Requirement
Here the job is to transcribe only the lines from the one containing "内部非常にワックスダーマロジカクレンジング&トーンデュオ - 脂性肌(2製品)" through the last line below, exactly as written; please leave out pictures.

Raw data

□ □ □ □

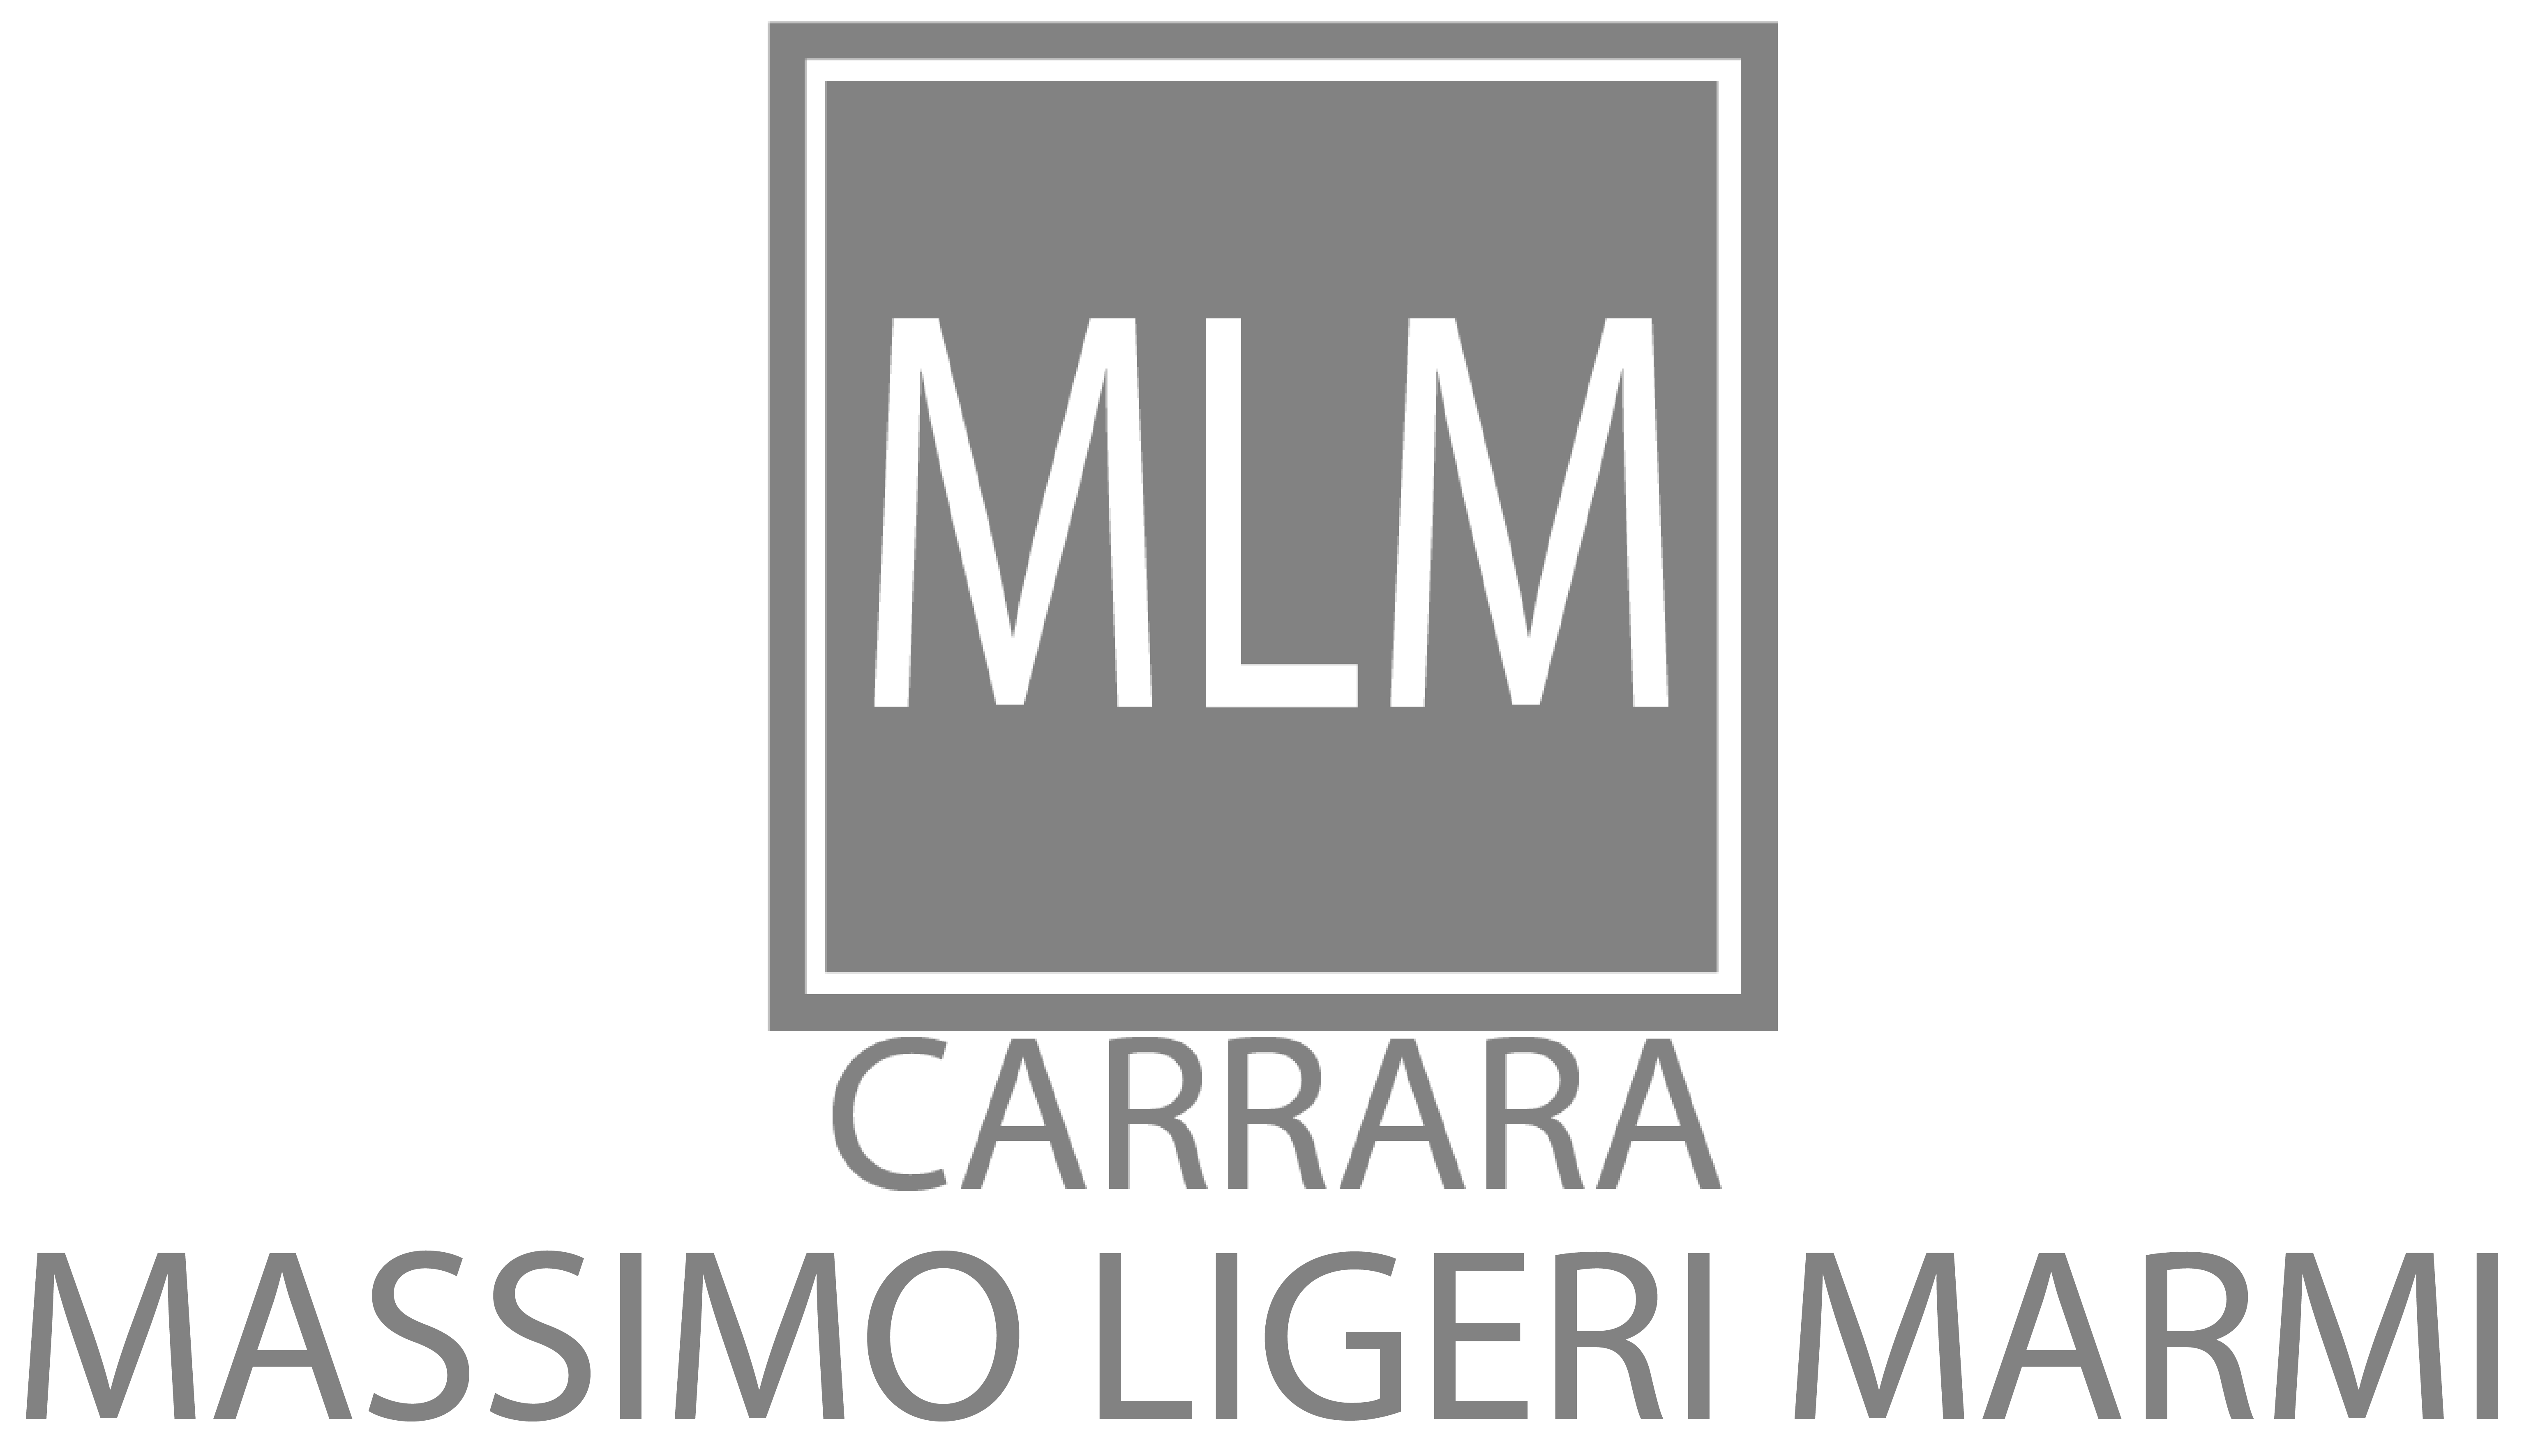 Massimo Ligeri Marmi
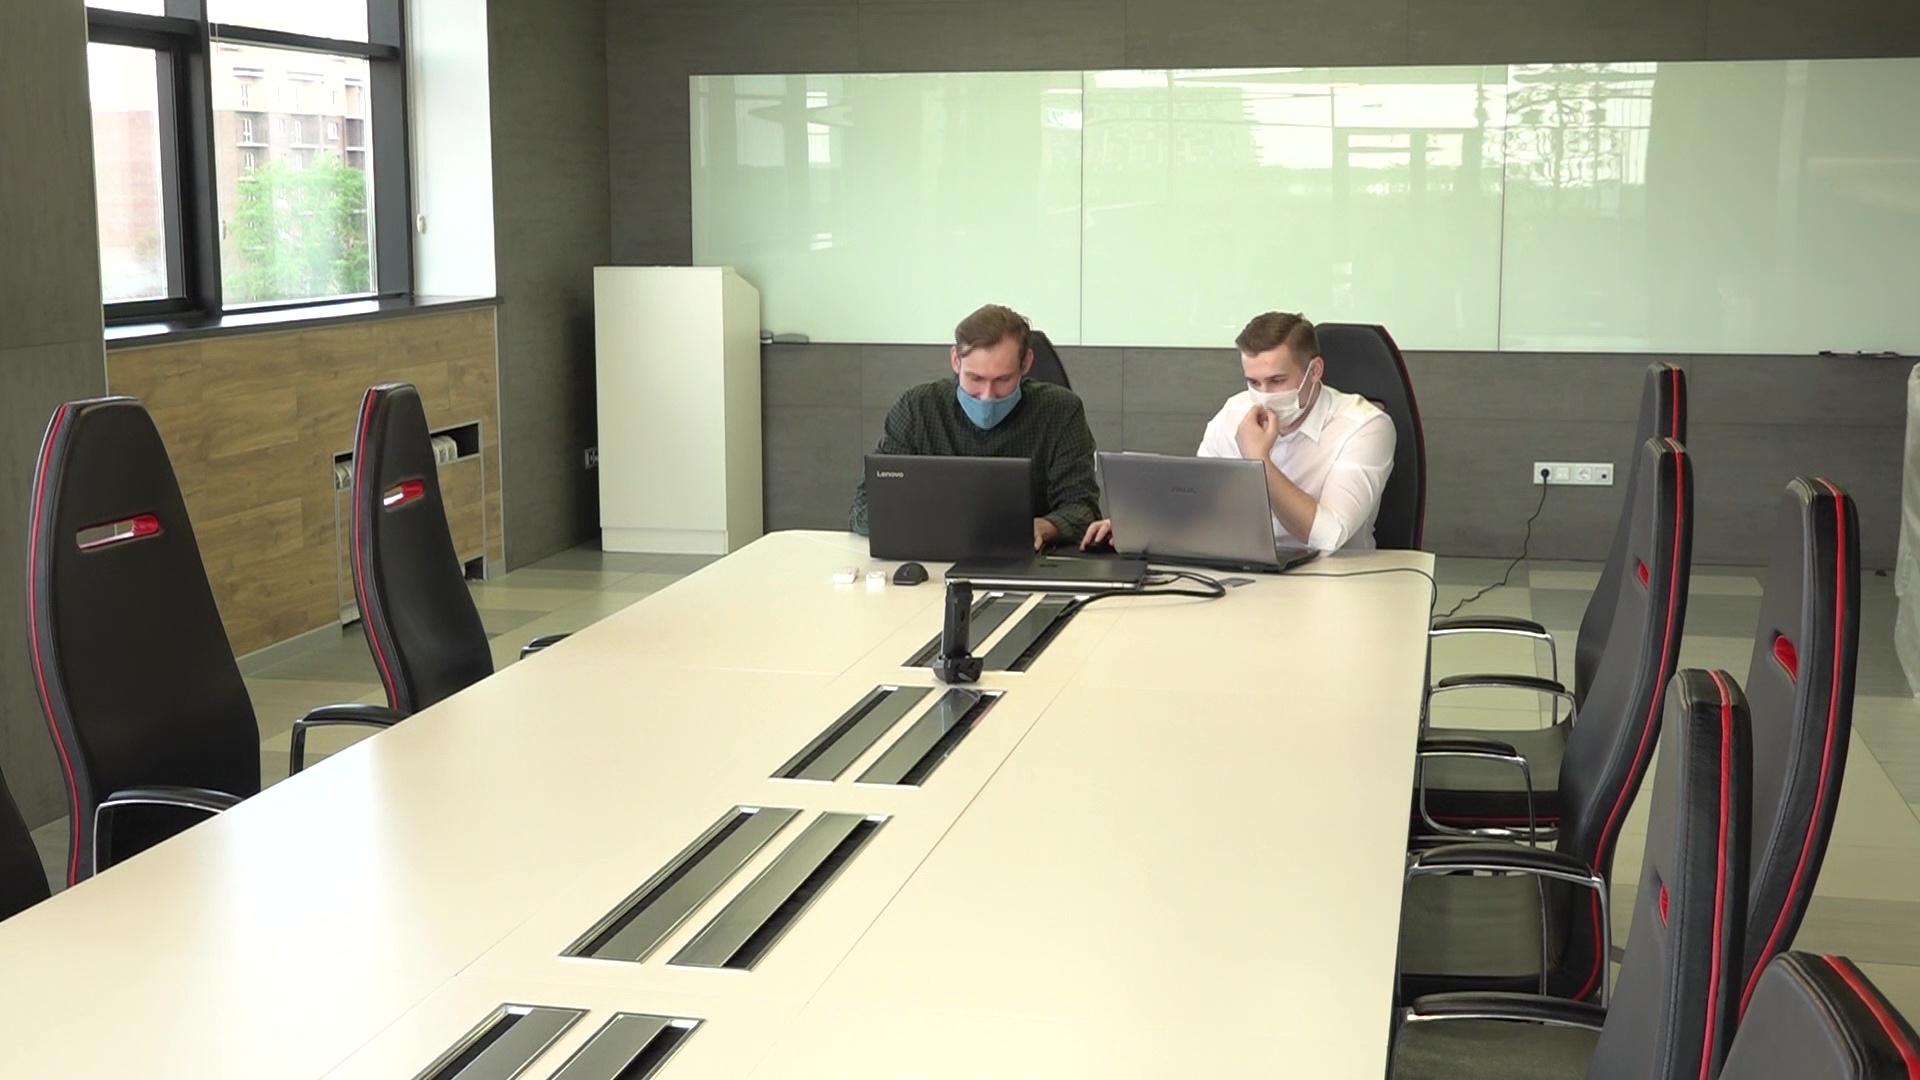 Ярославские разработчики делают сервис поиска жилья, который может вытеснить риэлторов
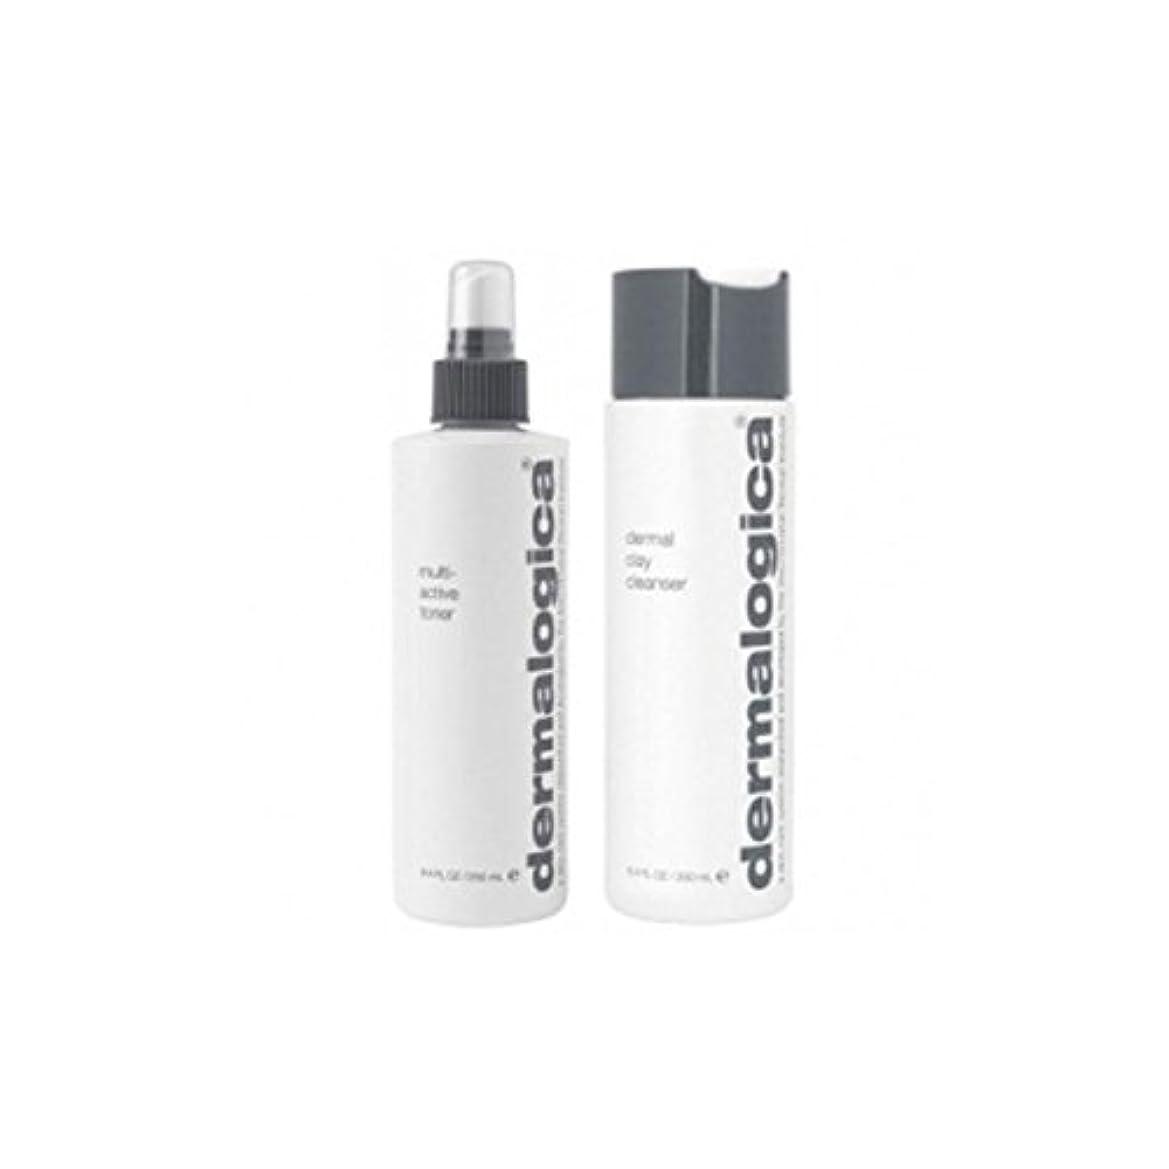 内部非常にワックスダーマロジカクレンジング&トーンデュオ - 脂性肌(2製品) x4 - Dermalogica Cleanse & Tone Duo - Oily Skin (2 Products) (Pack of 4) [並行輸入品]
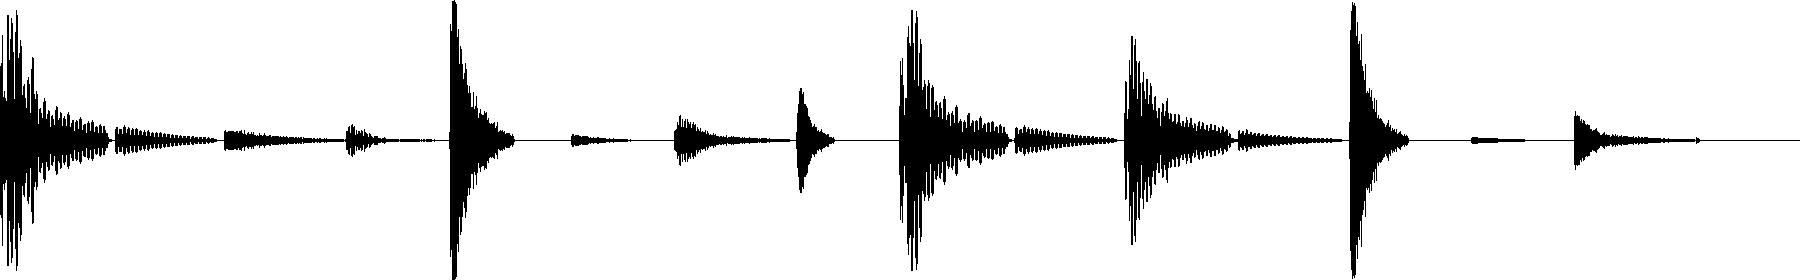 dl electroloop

□ □ □ □

Task output
 内部非常にワックスダーマロジカクレンジング&トーンデュオ - 脂性肌(2製品) x4 - Dermalogica Cleanse & Tone Duo - Oily Skin (2 Products) (Pack of 4) [並行輸入品]
 dl electroloop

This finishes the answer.